Long melon (Cucumis melo var. utilissimus Duthie and Fuller), popularly known as “Kakri” or “Tar”, is a minor and underutilized cucurbitaceous vegetable crop having diploid chromosome number of 24 [1]. It is grown under tropical and subtropical regions of India and popular in countries like Turkey, Saudi Arabia, Egypt, and Pakistan. It is also called as Serpent melon, Yard long cucumber, Armenian cucumber and snake cucumber. After fruit set ovaries grow faster, producing hissing sound in the night hence called serpent melon. It is used as summer cool nutritive fruit and good alternate of cucumber in salad [2]. It can be grown as river bed crop of North Indian states of Uttar Pradesh, Punjab and Haryana during November-December [3].

Long melon is sensitive to frost and hot, cannot tolerate frost during winter season. Dry weather favours vegetative growth and fruit development. Optimum temperature for better fruit development is 24°C to 30°C. It can be grown in well drained loam and sandy loam soils having pH of 5.5 to 6.8. Plants are monoecism annual with yellow corolla, petals are united, and five in number and stamens are attached to calyx tubes with inferior ovary [4].

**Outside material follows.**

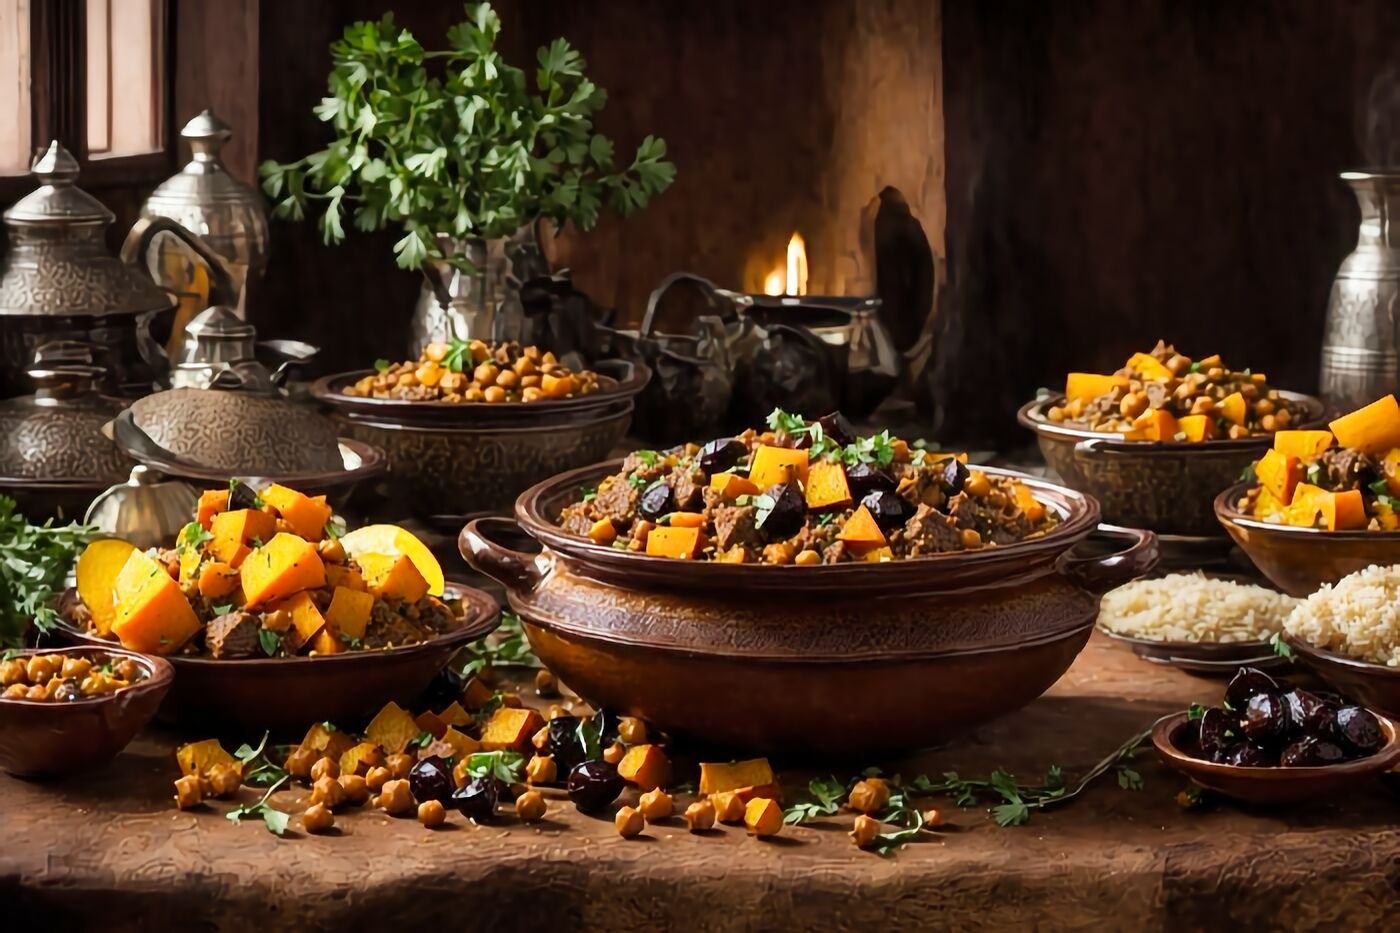 Beef Moroccan Tagine with Squash, Sticky Prunes, and Chickpeas

Long melon is minor and underutilized crop with plenty of health benefits but lack of suitable varieties and hybrids with desirable traits is one of the reasons for its ignorance. This necessitates the need of crop improvement work in this crop.

Materials and Methods

The research was undertaken at College of Horticulture, Tamaka, Kolar (Karnataka) India, during the Kharif 2020. The experimental material consisted of 60 F3 progenies of three cross combination viz., LM 3 × AS, LM 9 × AS and LM 15 × AS and laid out in a completely randomized block design with two replications. All the progenies seeds were sown as plant to progeny rows along with its parents (LM 3, LM 9, LM 15 and AS) and check (10 plants were planted per replication per genotype/progeny). Seedlings were raised in portrays and transplanted at 20 days age to the raised beds at spacing of 1.5 m × 0.75 m

Observations were recorded on five randomly selected plants from each progeny in each replication for 20 characters number of days to first germination, number of days to 50 per cent germination, days to first male flower anthesis, days to first female flower anthesis, days taken to 50 per cent female flowering, node at which first male flower appeared, node at which first female flower appeared, vine length (cm), days to first harvest, days to last harvest, sex ratio, duration of harvesting, number of fruits per vine, average fruit weight (g), fruit length (cm), fruit diameter (cm), fruit yield per vine (kg), water content (%), pericarp thickness (cm), shelf life (days) data was subjected to statistical analysis. Qualitative traits fruit colour, fruit shape and fruit surface was recorded by visual observations.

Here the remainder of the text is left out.